Introduction: The ₹499 Question That Stumps Everyone
Picture this. You're standing at the checkout counter of your favourite online store. Your cart is loaded. Your wallet has two cards — one gold, one blue. One is the HDFC Millennia. The other is the Axis Ace. Both promise cashback. Both look the part. But only one of them is quietly working harder for your money than the other.
And here's the thing — most people never figure out which one.
At CreditLogic, we've seen this confusion play out hundreds of times. Someone picks a card based on the colour of the brochure, or because their friend has it, or because the bank's Instagram ad showed up at the right moment. And then, six months later, they're sitting on ₹800 worth of cashback on one card while the person next to them — same income, same spending habits — has earned ₹4,200 on theirs.
The difference? They chose the right card for the way they actually spend money.
That's exactly what this comparison is built to do. We're going to strip away the bank marketing, do the real maths, and tell you — straight, honest, and without a corporate agenda — which of these two cards wins for your wallet in 2025.
Ready? Let's go.
The Cards at a Glance — Know What You're Comparing
Before we dive deep, let's put both cards on the table side by side so you know exactly what you're working with.
The first thing you'll notice: the Axis Ace is cheaper to own. ₹499 vs ₹1,000 — that's half the annual fee. But as every CreditLogic reader knows by now, the fee is just the entry price. What matters is what the card earns you back. And that's where things get genuinely interesting.
The Cashback Battle — Let's Do the Real Maths
Scenario A: You Spend ₹20,000/Month on Shopping & Food Delivery
Let's say your monthly card spend looks like this:
- Amazon / Flipkart shopping: ₹8,000
- Swiggy / Zomato food delivery: ₹3,000
- Utility bills via Google Pay: ₹4,000
- Other offline / miscellaneous: ₹5,000
HDFC Millennia:
- ₹8,000 on Amazon/Flipkart @ 5% = ₹400
- ₹3,000 on Swiggy/Zomato @ 5% = ₹150
- ₹4,000 on utility bills @ 1% = ₹40
- ₹5,000 miscellaneous @ 1% = ₹50
- Monthly cashback: ₹640 → Annual: ₹7,680
Axis Ace:
- ₹8,000 on Amazon/Flipkart @ 2% = ₹160
- ₹3,000 on Swiggy/Zomato @ 2% = ₹60
- ₹4,000 on utility bills via Google Pay @ 5% = ₹200
- ₹5,000 miscellaneous @ 2% = ₹100
- Monthly cashback: ₹520 → Annual: ₹6,240
For this spending profile: HDFC Millennia wins by ₹1,440 per year.
Scenario B: You Spend ₹15,000/Month, Mostly on Bills & Google Pay
Now let's look at someone who's not a heavy online shopper — maybe a professional who pays electricity, DTH, mobile recharge, and insurance premiums monthly, and uses Google Pay for most things.

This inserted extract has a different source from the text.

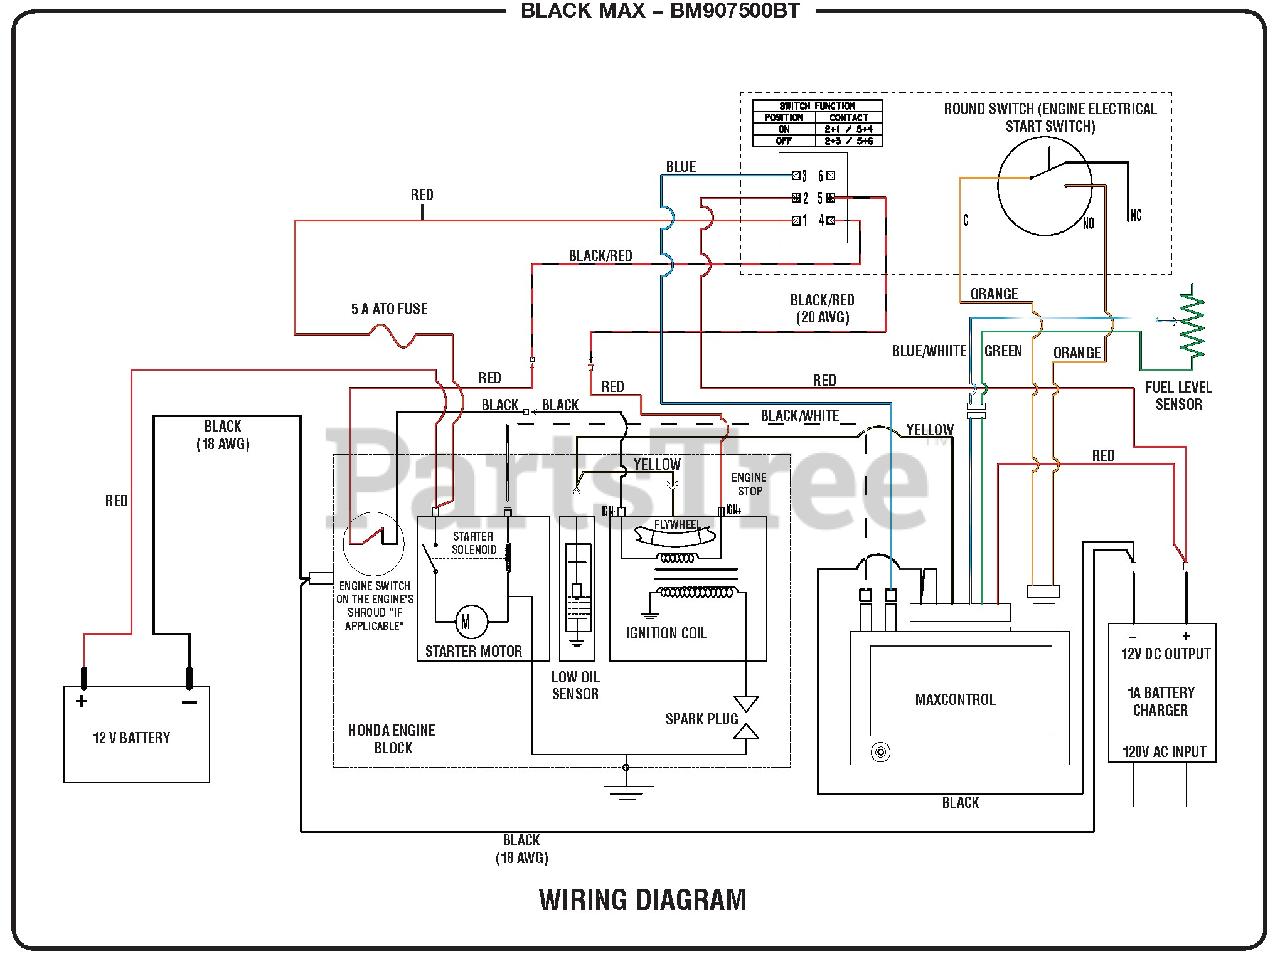 Diagram Mercury Xr4 Wiring Diagram Full Version Hd Quality Wiring Diagram Schematictv2h Romaindanza It

- Utility bills via Google Pay: ₹6,000
- Grocery via local store (offline): ₹4,000
- Dining out + miscellaneous: ₹5,000
HDFC Millennia:
- ₹6,000 on utility bills @ 1% = ₹60
- ₹4,000 offline grocery @ 1% = ₹40
- ₹5,000 miscellaneous @ 1% = ₹50
- Monthly cashback: ₹150 → Annual: ₹1,800
Axis Ace:
- ₹6,000 on utility bills via Google Pay @ 5% = ₹300
- ₹4,000 offline grocery @ 2% = ₹80
- ₹5,000 miscellaneous @ 2% = ₹100
- Monthly cashback: ₹480 → Annual: ₹5,760
For this spending profile: Axis Ace wins by a massive ₹3,960 per year.
The takeaway from CreditLogic's maths is clear and powerful: neither card universally wins. The winner depends entirely on where your rupees go every month. This is why one-size-fits-all "best card" lists are almost always wrong — and why we do it differently here.
Online Shopping — Where Does HDFC Millennia Dominate?
If your life runs on Amazon and Flipkart — and let's be honest, most of ours do — then the HDFC Millennia is built precisely for you.
The 5% cashback on these platforms is one of the most consistent, reliable rewards structures in the entry-to-mid tier card space. Add Myntra, Ajio, Zomato, Swiggy, and BookMyShow to the mix, and the Millennia becomes a genuinely powerful card for the urban Indian who lives, shops, and eats online.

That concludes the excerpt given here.